Cream the butter and sugar until it looks like french vanilla ice cream.  Beat the eggs lightly and add them bit by bit to the creamed buter/sugar mixture and beat in well.

Sift in the flour and baking powder and fold it in with a metal spoon.  Fold in the ground almonds and walnuts chopped to about pea-sized pieces.

Spread the mixture into your chosen baking tin (well greased beforehand of course), and throw the plum pieces on top.  The mixture rises up through the plums as it cooks.

Bake 40-45 minutes at 170-180 degrees C (depending on fan or conventional oven).


PS. I also put a dash of vanilla in the mix

Monday 11 February 2013

No. 40 - Belgian Biscuits

These are probably no more Belgian than I am.  They seem to be an Australian and New Zealand thing, however in texture and with all their spices they are not unlike a lot of the biscuits that abound in Northern European countries.

By traditional they are round with serrated edges, iced with white and sprinkled with raspberry flavoured jelly crystals.  Jelly crystals are a bit hard to find here, where I note that jelly seems to be made from blocks of concentrated jelly rather than gelatine in granular form. 

They were a treat to make as a child; being allowed to spread one with jam and find another exactly the right size and shape to sandwich onto it, carefully swipe on a circle of white icing and decorate with a pinch of the jelly crystals.  The good thing about jelly crystals is the burst of intense flavour that they add.  Pink sugar provides the look, but it really lacks the zing.

This week I made them heat-shaped a.) because I’ve got heart-shaped biscuit cutters, and b.) because it’s St.
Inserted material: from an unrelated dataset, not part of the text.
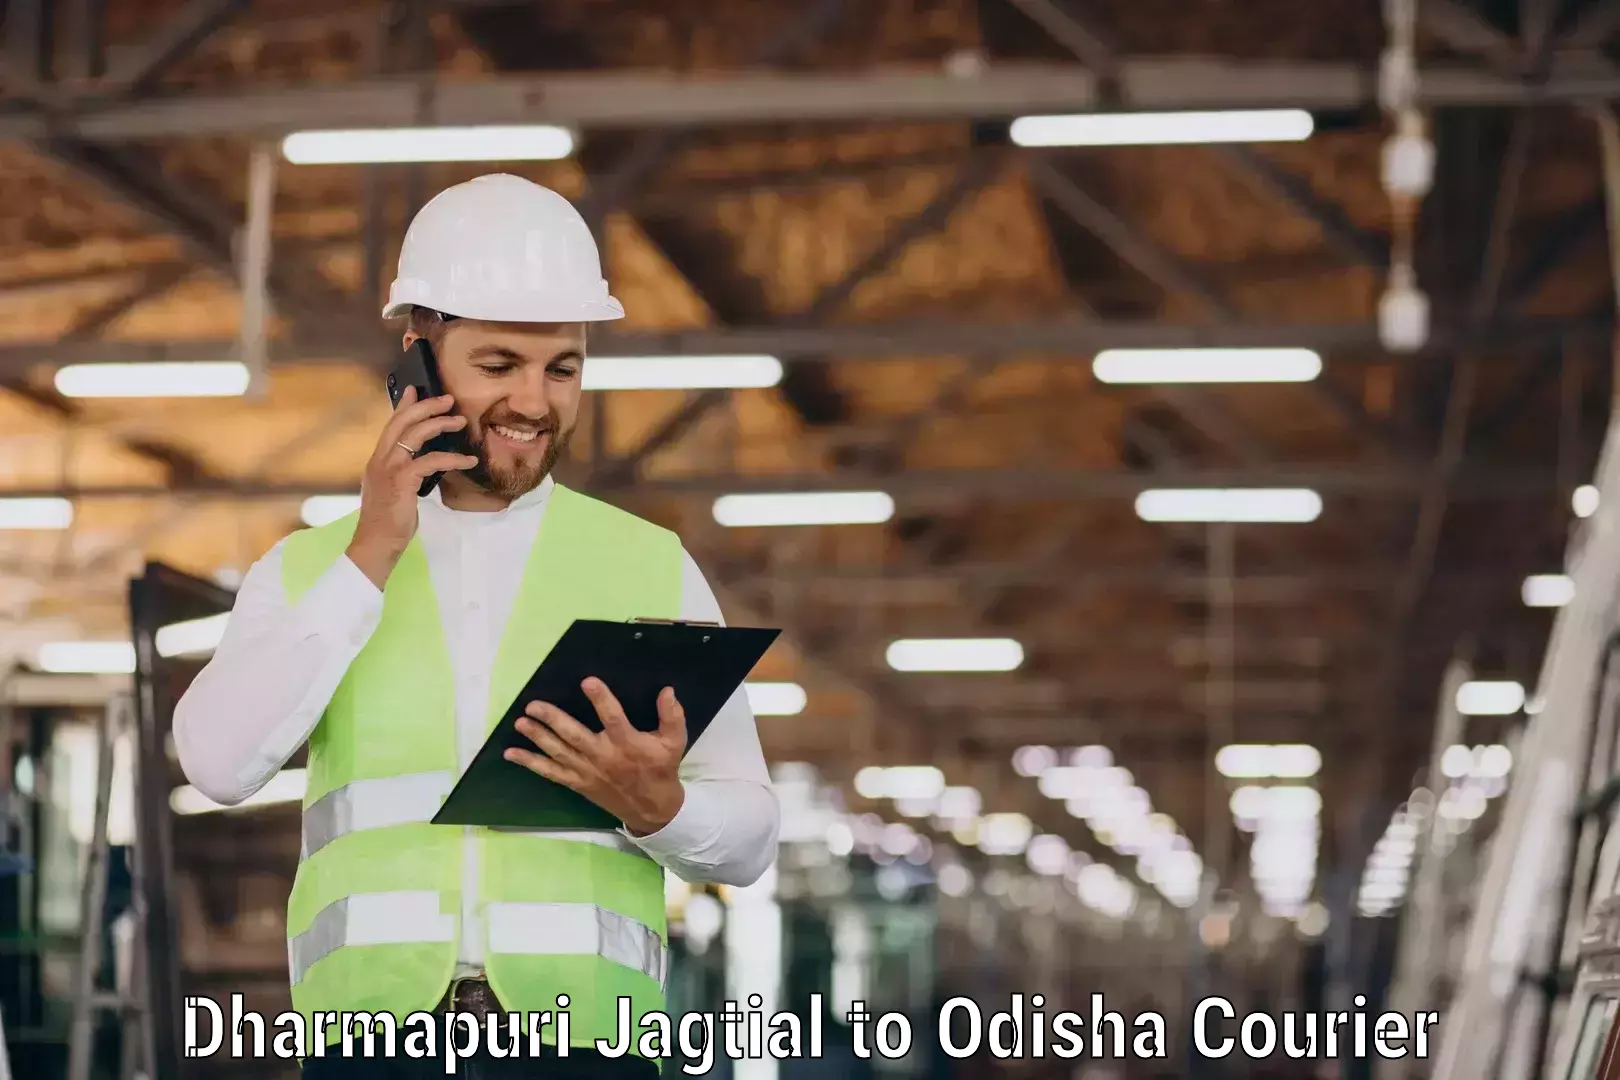 Efficient parcel service Dharmapuri Jagtial to Odisha

Valentine’s Day on Thursday.

Belgian Biscuits

1 1/2 cups brown sugar
250g butter, softened
1 egg
2 1/2 teaspoons mixed spice
1 1/2 teaspoons cinnamon
2 3/4 cups plain flour
1 tablespoon baking powder
1 Tb cocoa

Raspberry jam, white icing, and pink sugar or jelly crystals

Cream the butter and suggar, add the egg and beat well.... I read a version that goes - throw the softened butter, the sugar and the egg in the blender..... it seems to work equally well so do that.  Then sift in the dry ingredients and pulse until you have a dough-ball.
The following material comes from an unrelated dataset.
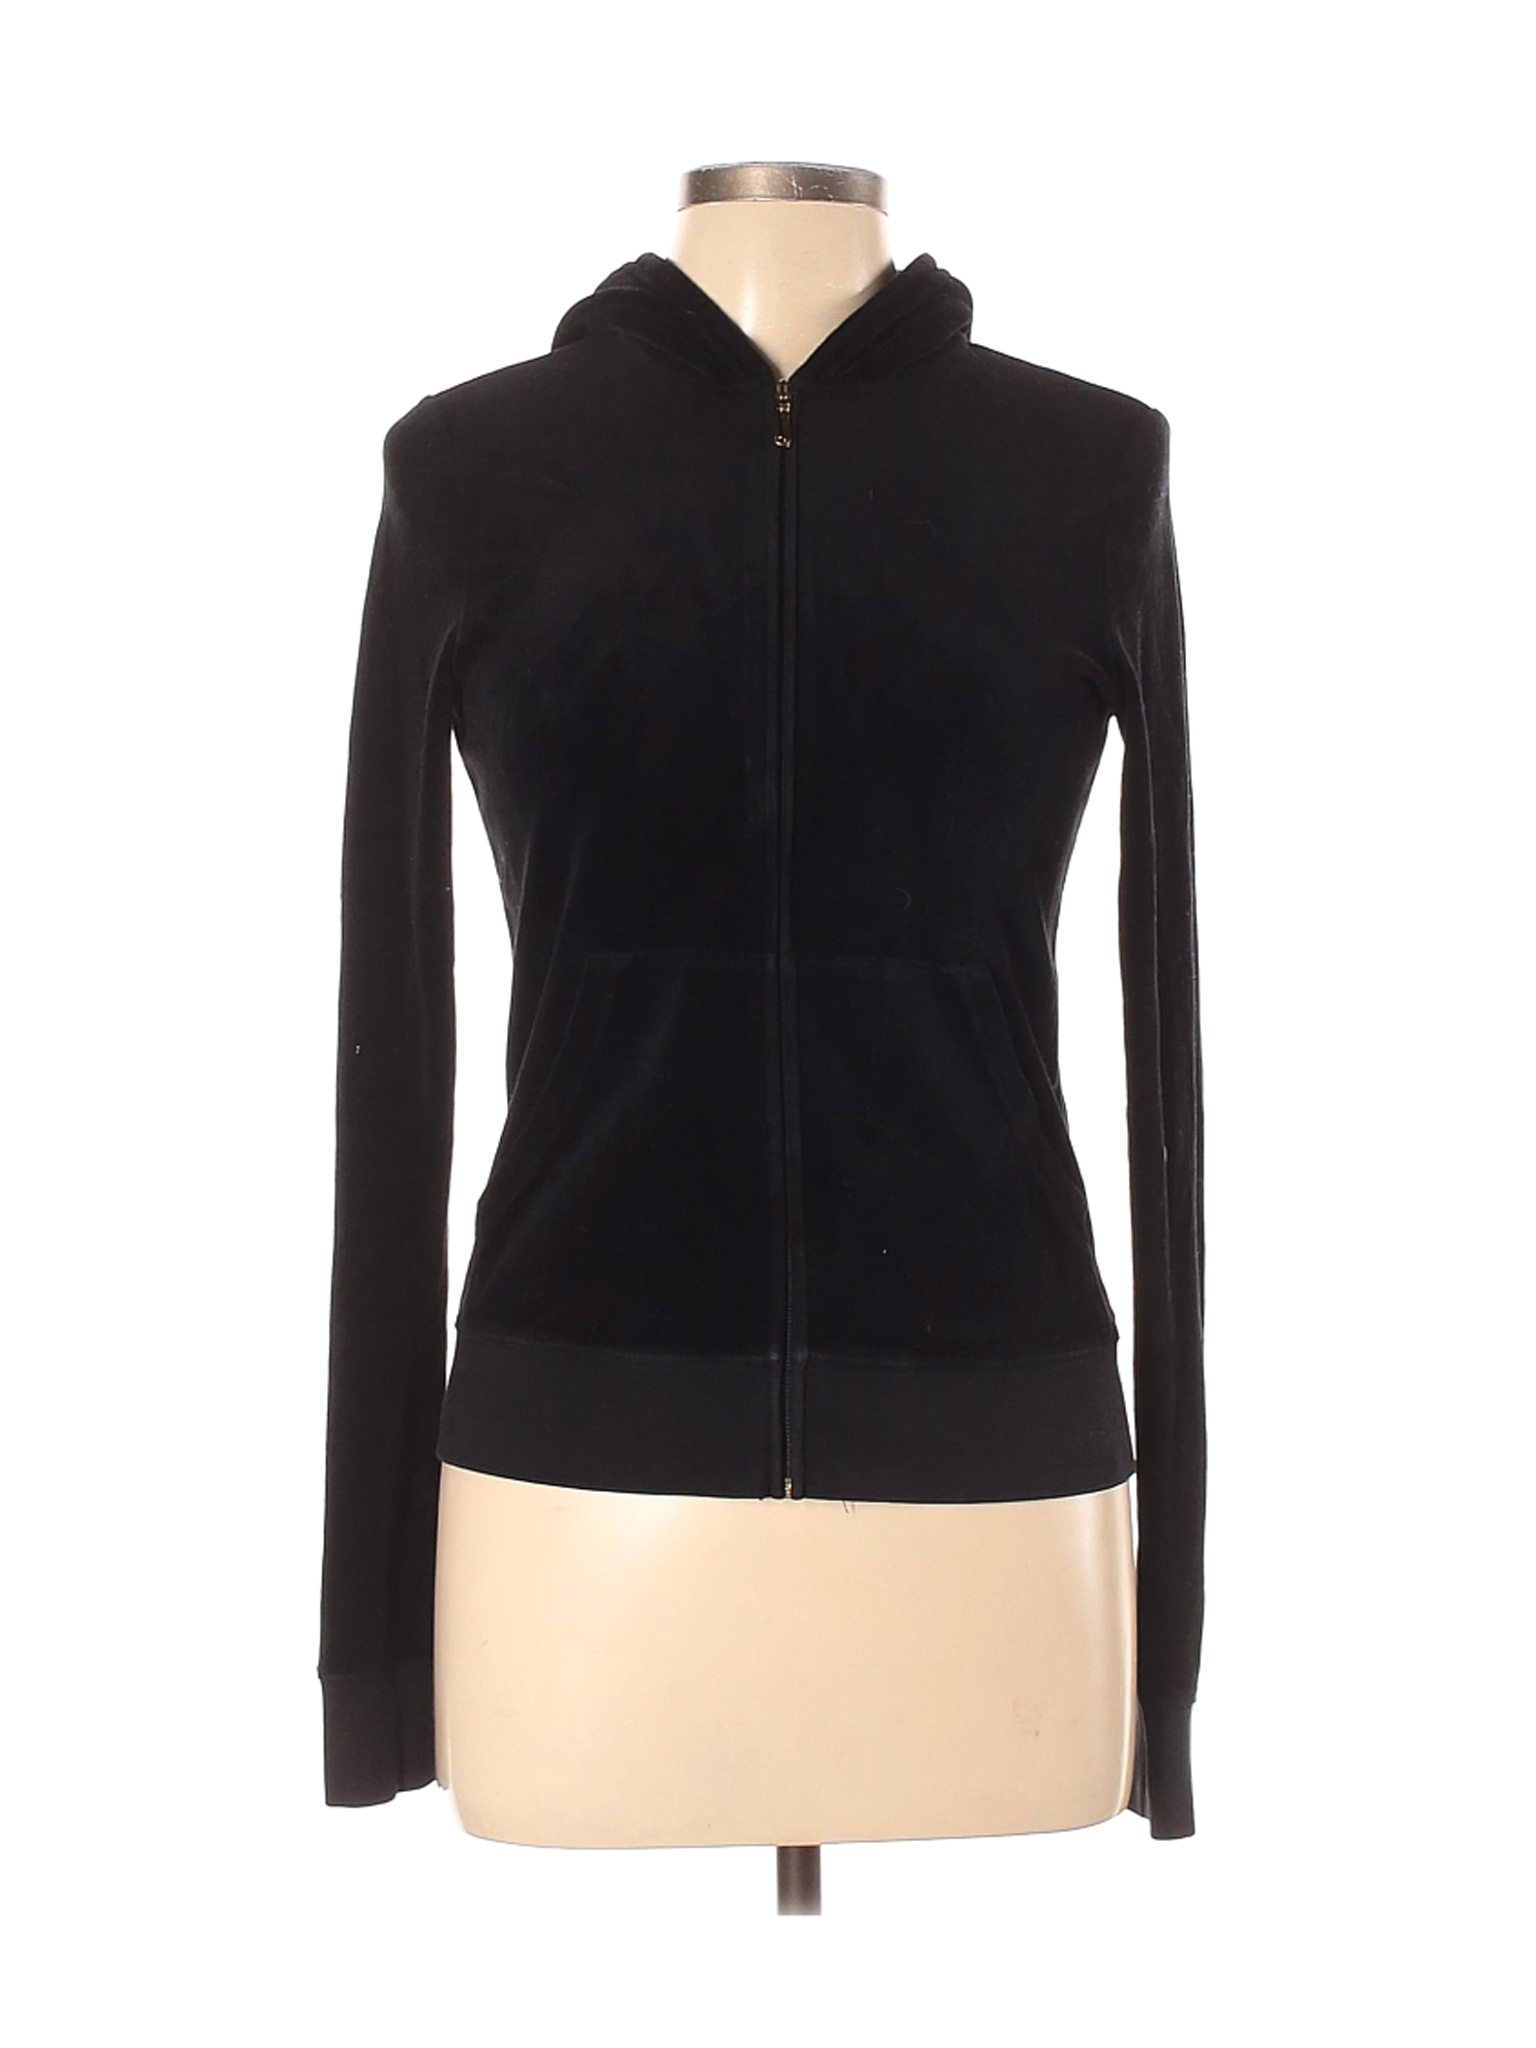 Juicy Couture Women Black Zip Up Hoodie L | eBay

Tip it onto your bench with some sprinkled flour and squash it about a bit to make it all stick together, cut it into two, wrap the pieces in plastic film and refrigerate them for half an hour or so.

Pre-heat the oven to 170 degrees C (fan oven) - 180 degrees C conventional and prepare two or three baking sheets.

Roll out the dough to about 5mm thick, cut it with a biscuit cutter and slide the biscuits onto baking sheet.  Bake 15-20 minutes and cool them on a rack. 

Stick the biscuits together with raspberry jam.  Ice them with white icing and sprinkle with pink crystals.

You can make pink sugar with 1/4 cup of granulated sugar, and a couple of drops of red food colouring - mixed well.


Saturday was wet and snowy and I spent the day out cutting birch off some common land with the Hampshire Conservation Volunteers;  a great day out despite the weather, a magnificent bonfire, and a piece of birch to take home for my wood-carving class, where I plan to make a kuksa (and possibly some wooden spoons for my kitchen).  Anyway as a result the baking was left until the last minute on Sunday and I was too rushed (and too lazy truth be known) to do some fancy flood icing on my themed biscuits.  Maybe I’ll save that for next year….but I doubt it.  They are not for sale and they’ll be consumed in an instant whether swiped or flooded with icing – so swiped it is.  They did however get royal icing because I’m a convert to its superior properties.